The following data is to be repeated exactly, its pictures excluded.

- _Stored data_:
==========
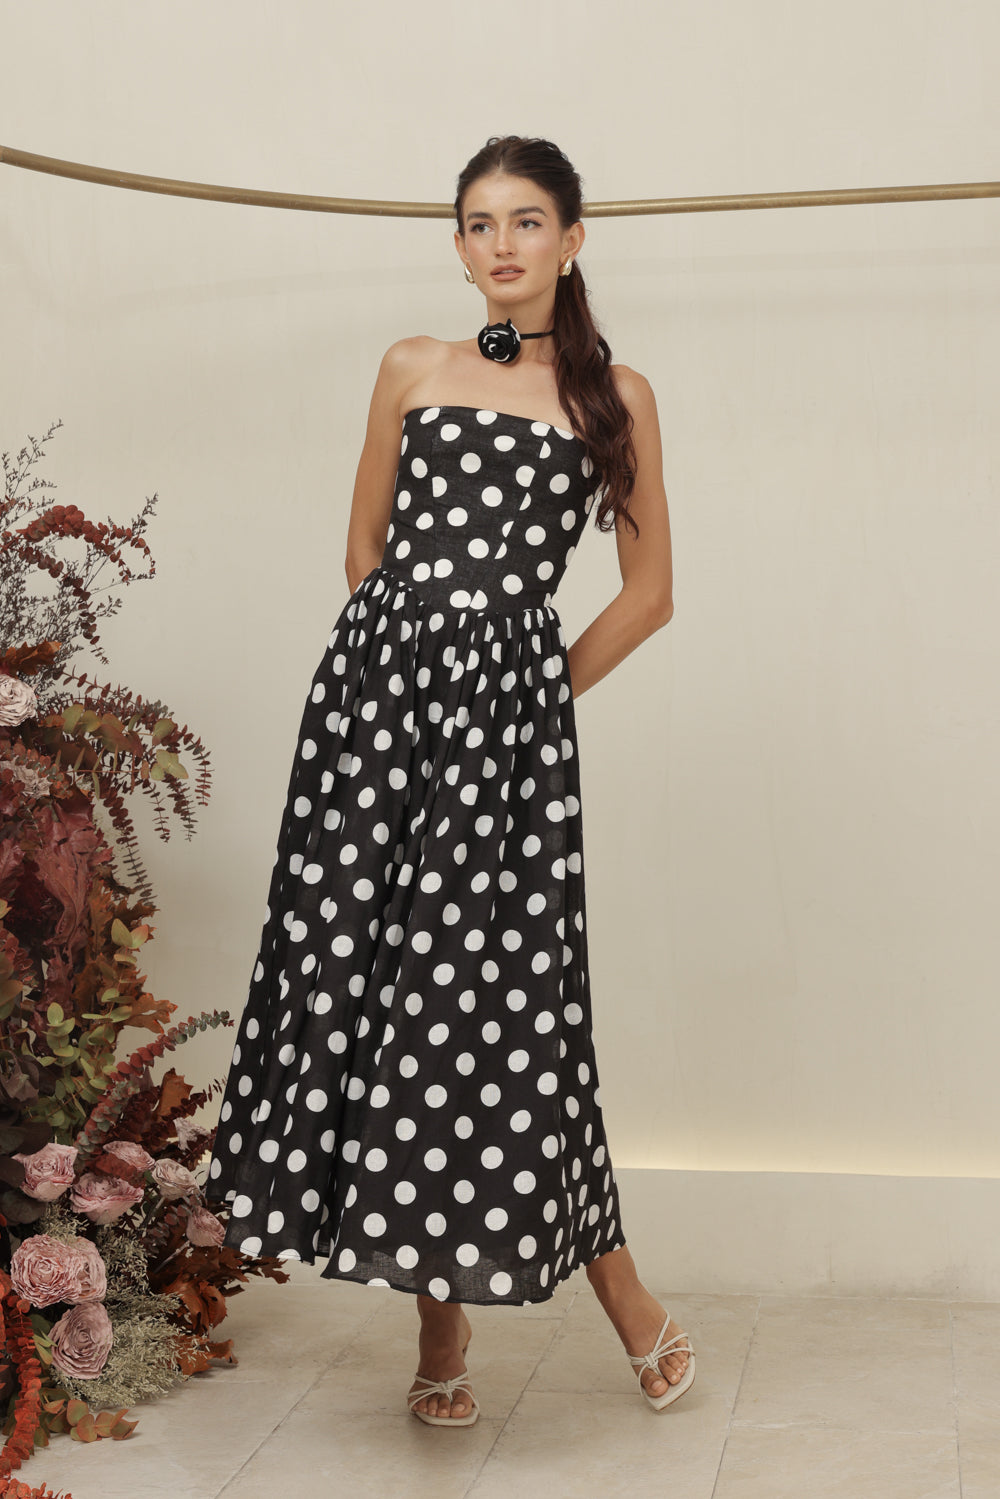 COCO DRESS Strapless Baroque Style Waist Midi Dress with Floral Neckpiece (Black Polkadot)
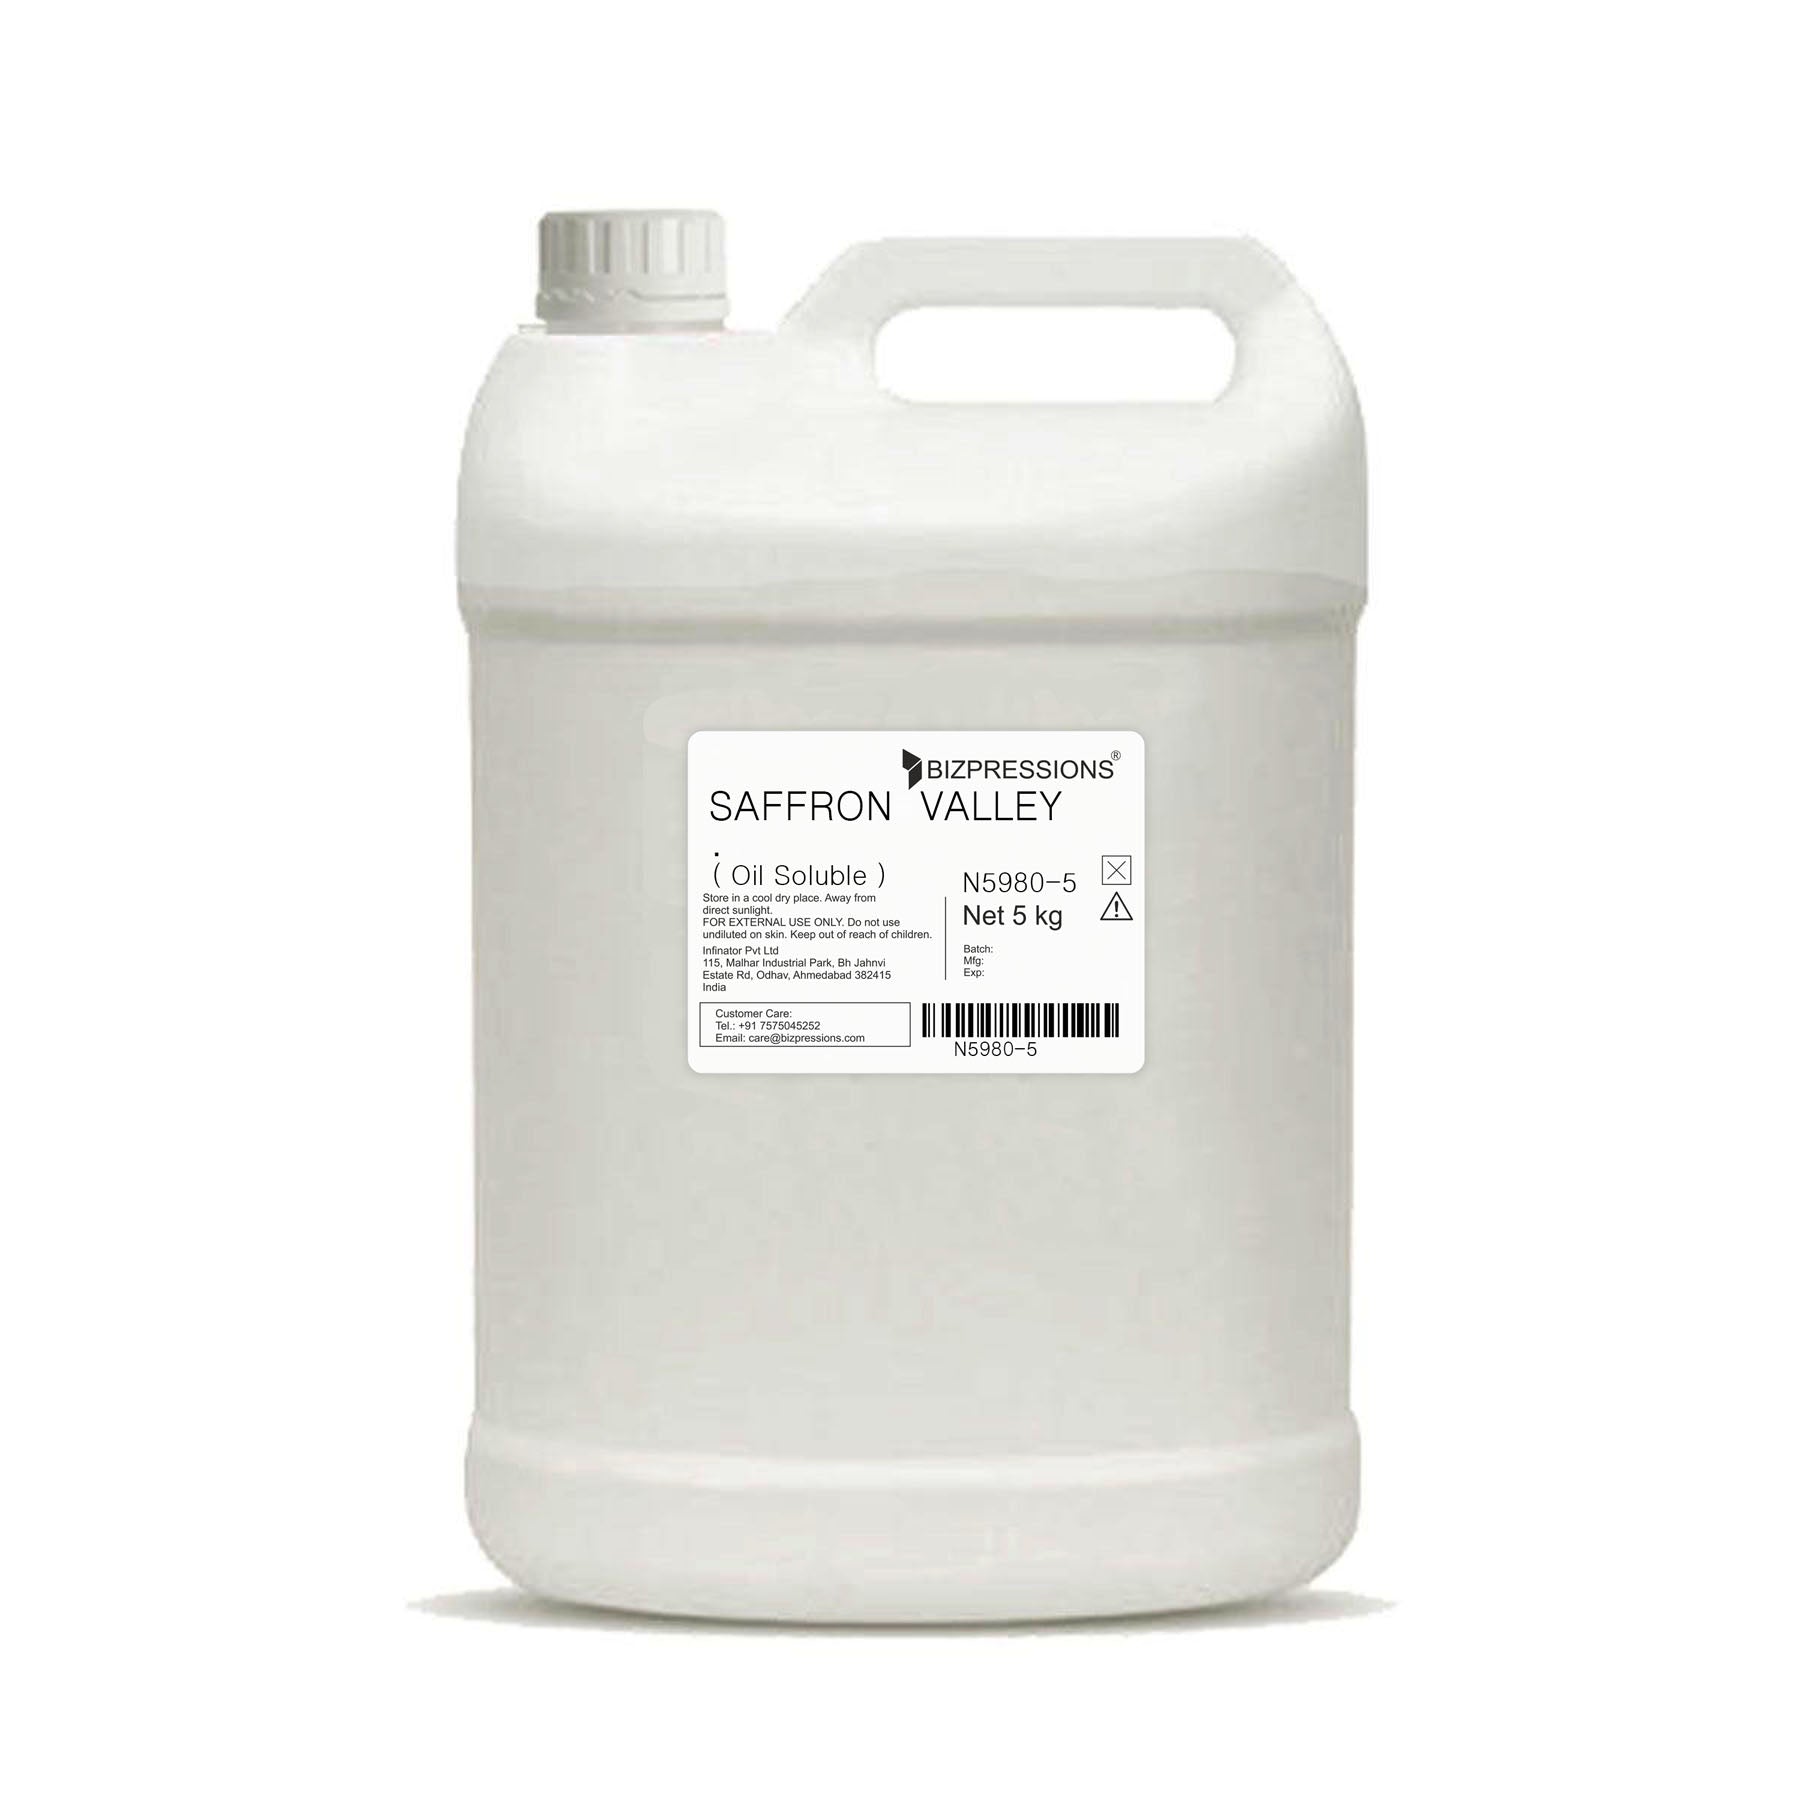 SAFFRON VALLEY - Fragrance ( Oil Soluble ) - 5 kg
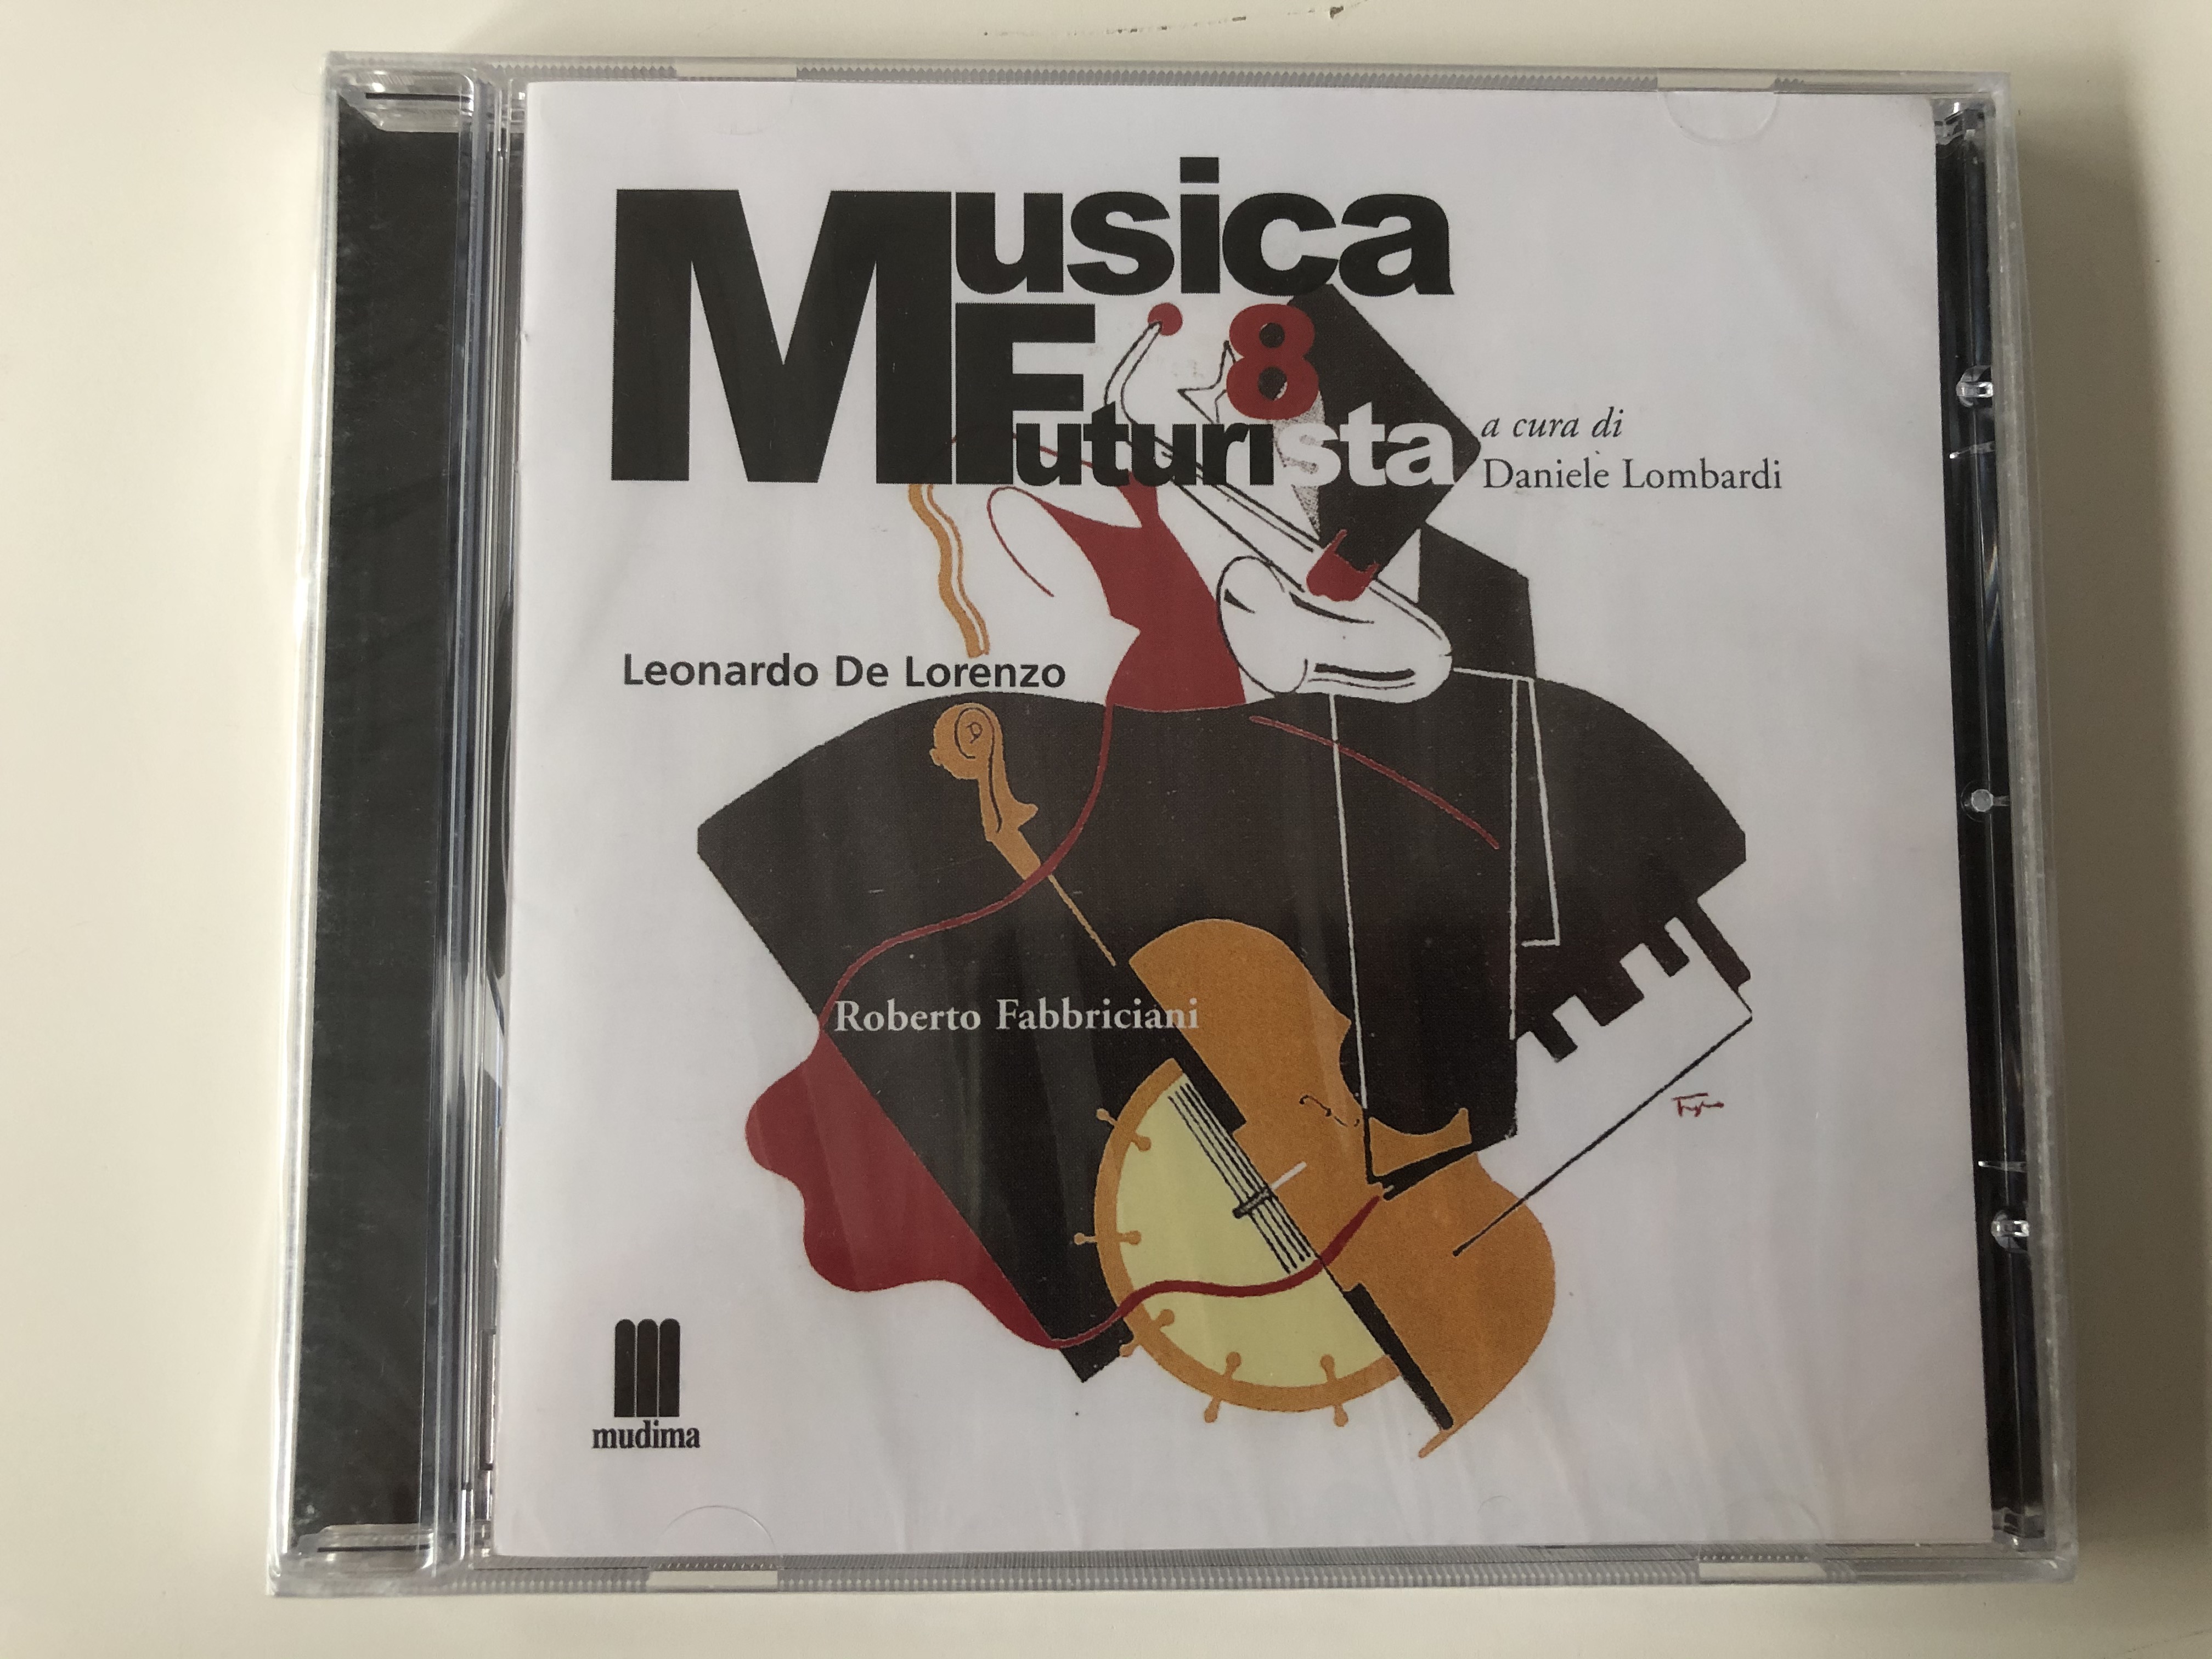 musica-futurista-8-a-cura-di-daniele-lombardi-leonardo-de-lorenzo-roberto-fabbriciani-mudima-ed.-musicali-audio-cd-2010-8033224410333-1-.jpg
==========
- _Answer for this exercise_:
 COCO DRESS Strapless Baroque Style Waist Midi Dress with Floral Neckpiece (Black Polkadot)
 SAFFRON VALLEY - Fragrance ( Oil Soluble ) - 5 kg
 musica-futurista-8-a-cura-di-daniele-lombardi-leonardo-de-lorenzo-roberto-fabbriciani-mudima-ed.-musicali-audio-cd-2010-8033224410333-1-.jpg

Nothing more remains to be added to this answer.